Charles Francis Hansom

Charles Francis Hansom
Born (1817-07-27)27 July 1817[1]
York
Died 30 November 1888(1888-11-30) (aged 71)[1]
Nationality English
Occupation Architect
Projects Clifton College,
Malvern College

Charles Francis Hansom (27 July 1817 – 30 November 1888) was a prominent Roman Catholic Victorian architect who primarily designed in the Gothic Revival style.

Career

He was born of a Roman Catholic family in York. He was the brother of Joseph Aloysius Hansom, architect and creator of the Hansom cab, and father of the architect Edward Joseph Hansom. He practised in partnership with his brother, Joseph, in London from 1854. This partnership was dissolved in 1859 when Charles established an independent practice in Bath with his son Edward (born 22 October 1842) as an articled clerk. He took his son into partnership in 1867, by which time the practice had moved to Bristol, with a large West Country practice of church and collegiate architecture. In Bristol he took on Benjamin Bucknall as an assistant.
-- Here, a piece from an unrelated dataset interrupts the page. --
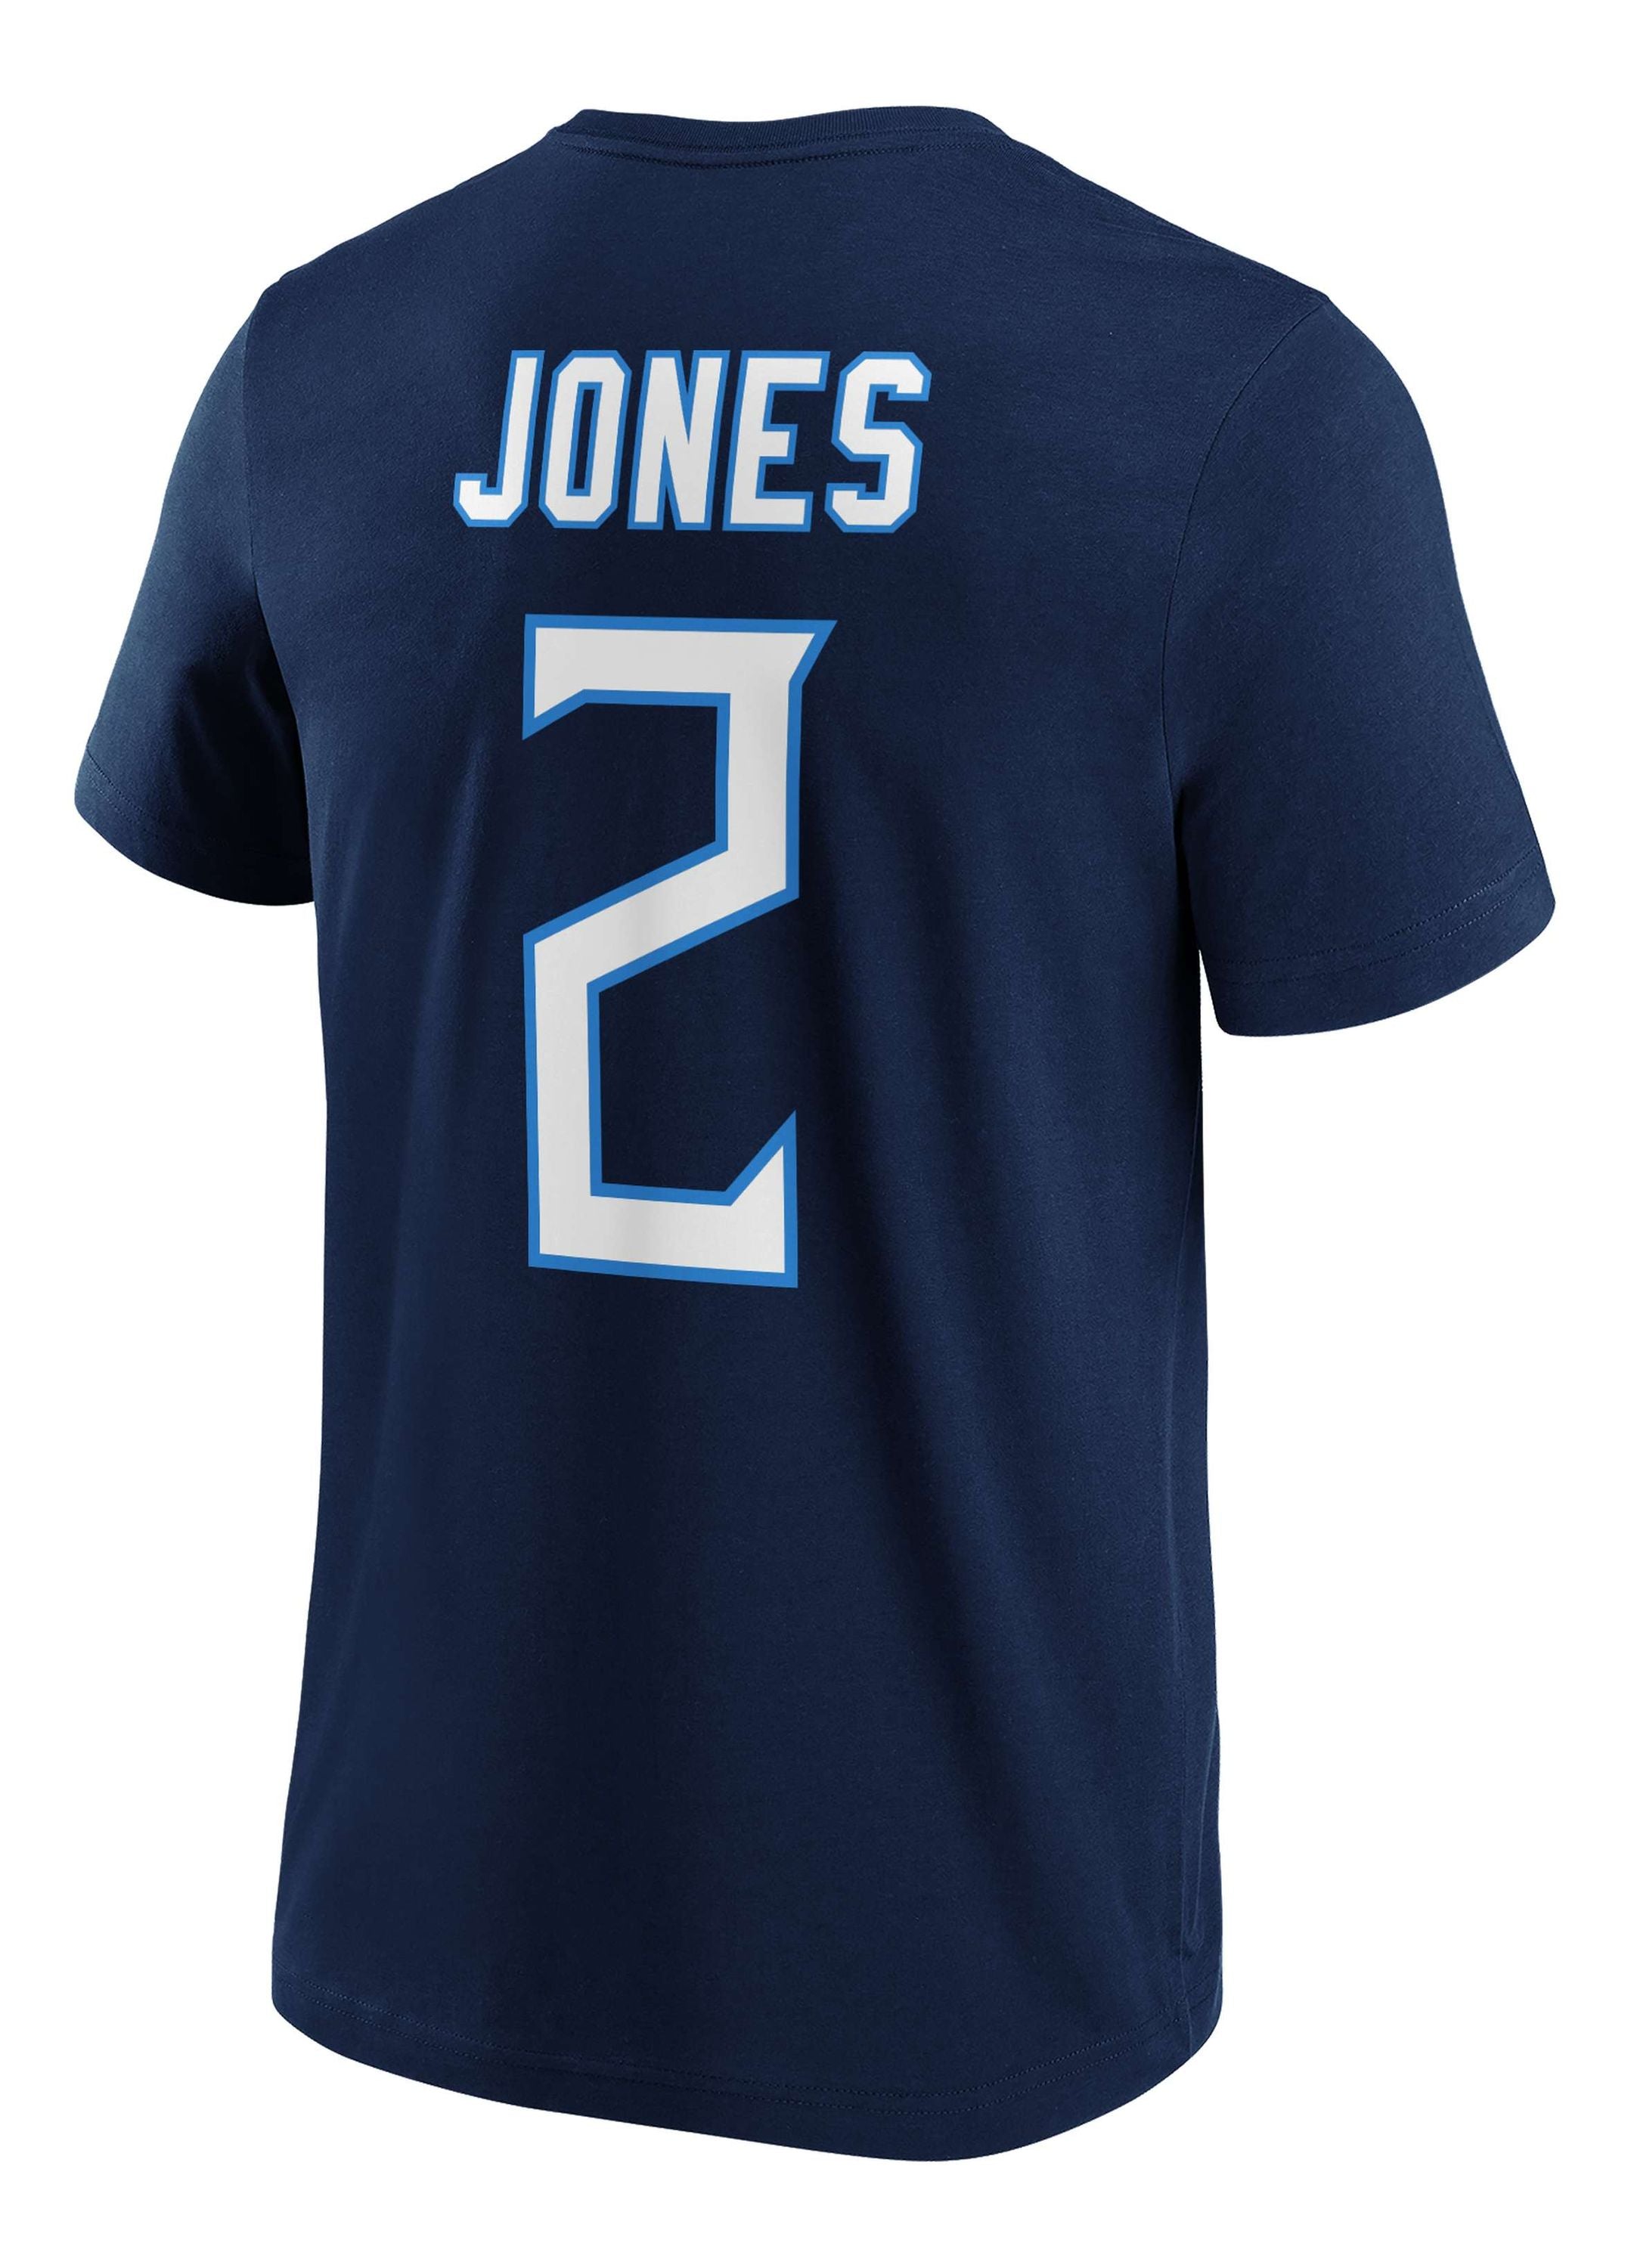 Fanatics - NFL Tennessee Titans Jones Name & Number Graphic T-Shirt - Blau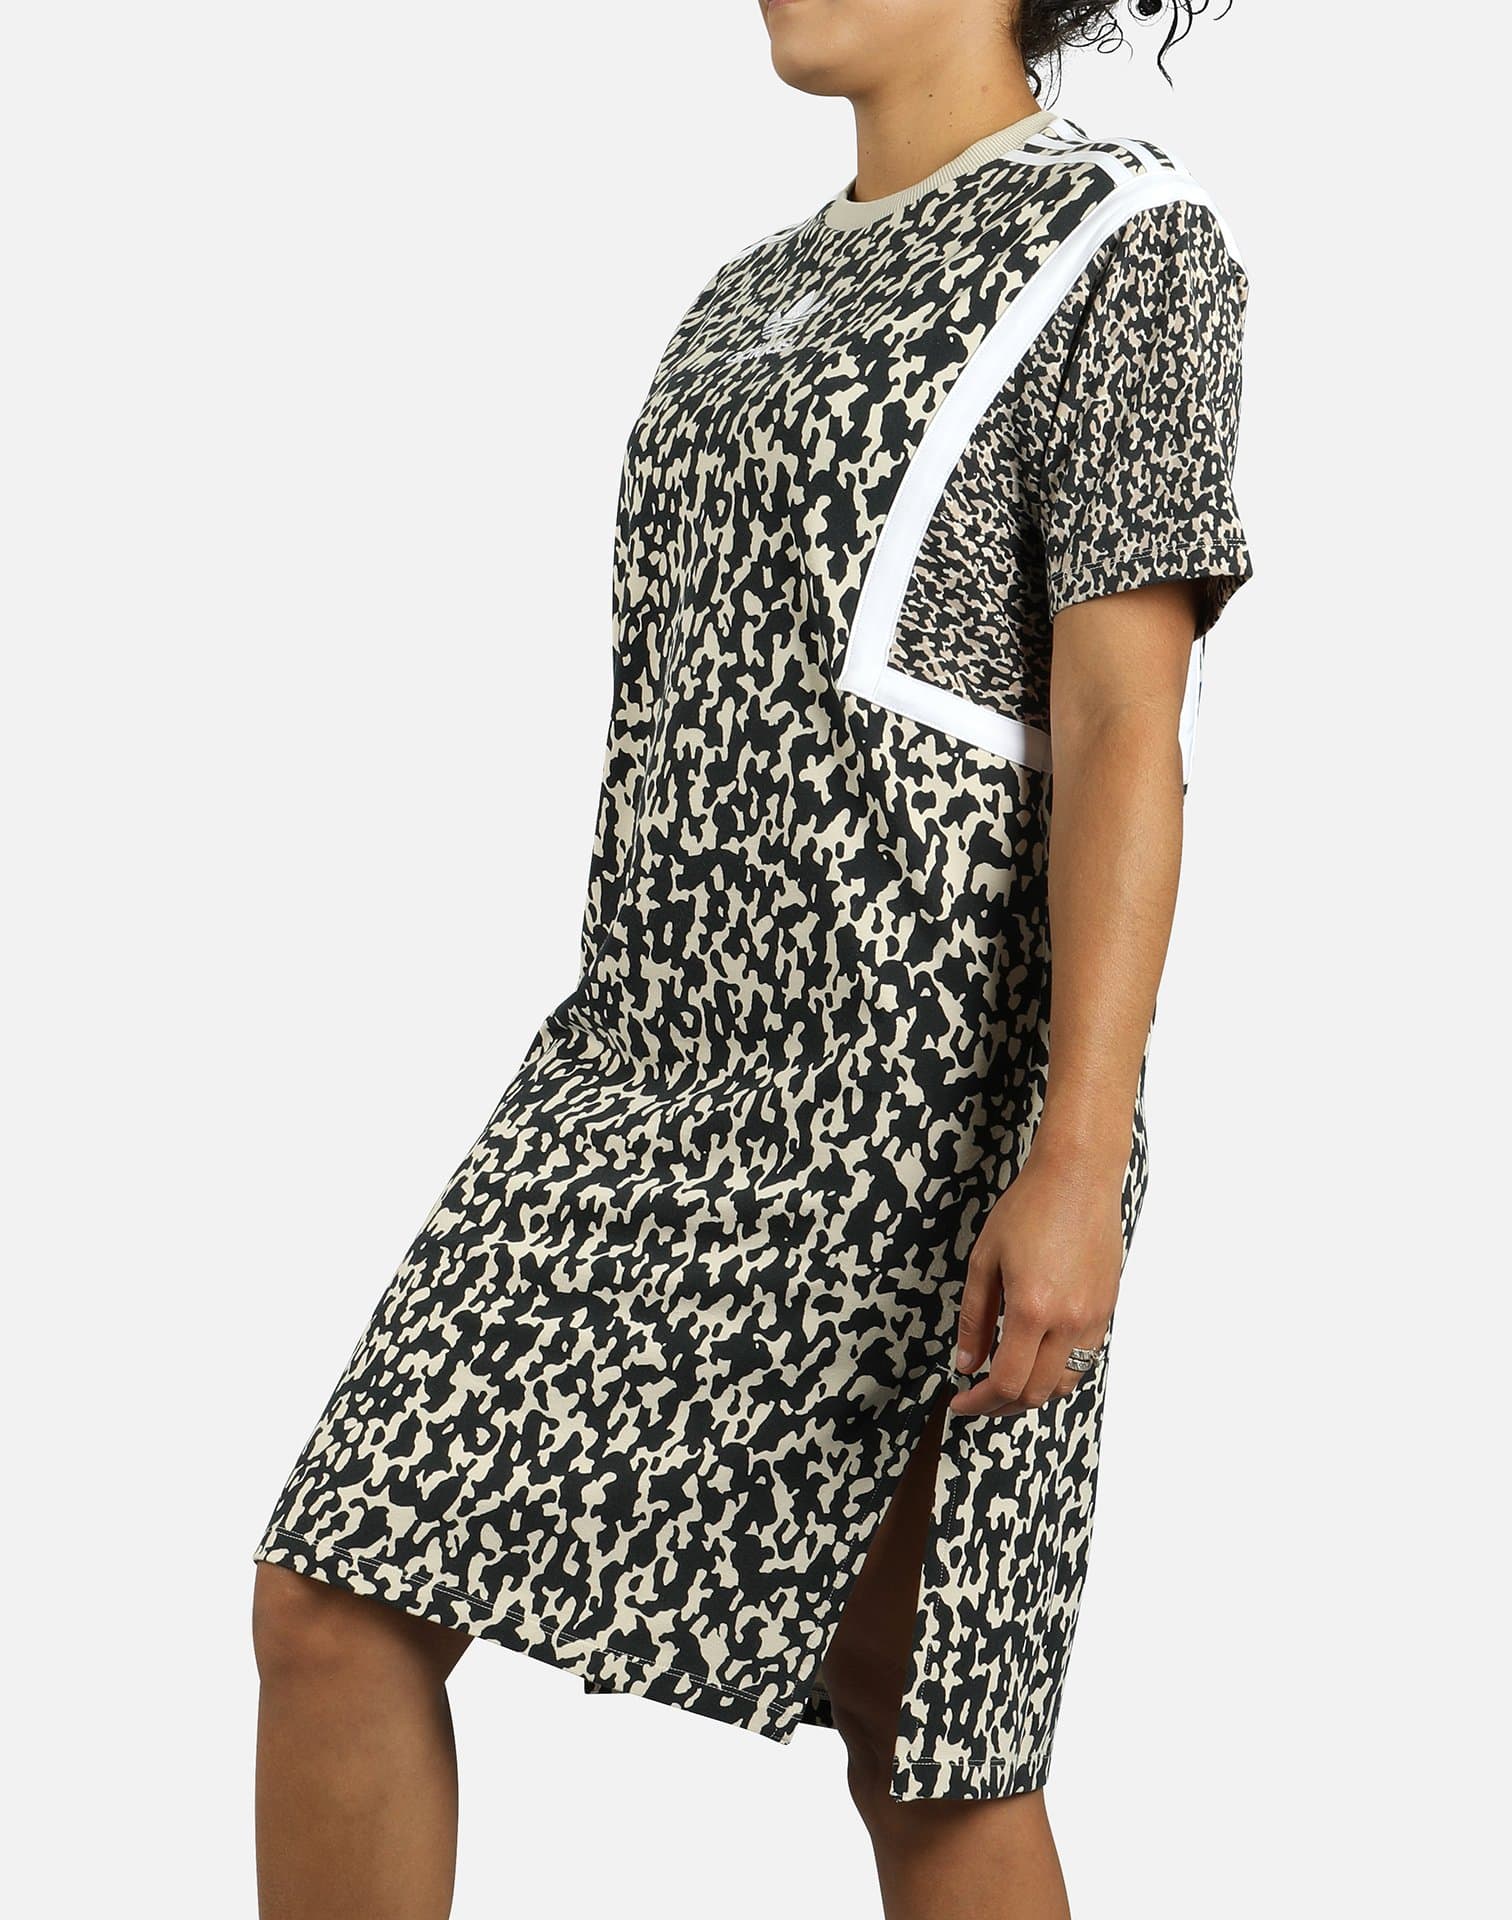 adidas Women's Leoflage Tee Dress

He was commonly known as Francis the Hansom, as he was rather handsome.

Clifton College

Clifton College's School House and Big School soon after they were built in the 1860s

The original Clifton College buildings were all designed by Hansom.

His first design at Clifton was for Big School (then a meeting hall and now the school canteen) and a proposed dining hall. Only the former was actually built and a small extra short wing was added in 1866. This is what now contains the Marshal's office and the new staircase into Big School.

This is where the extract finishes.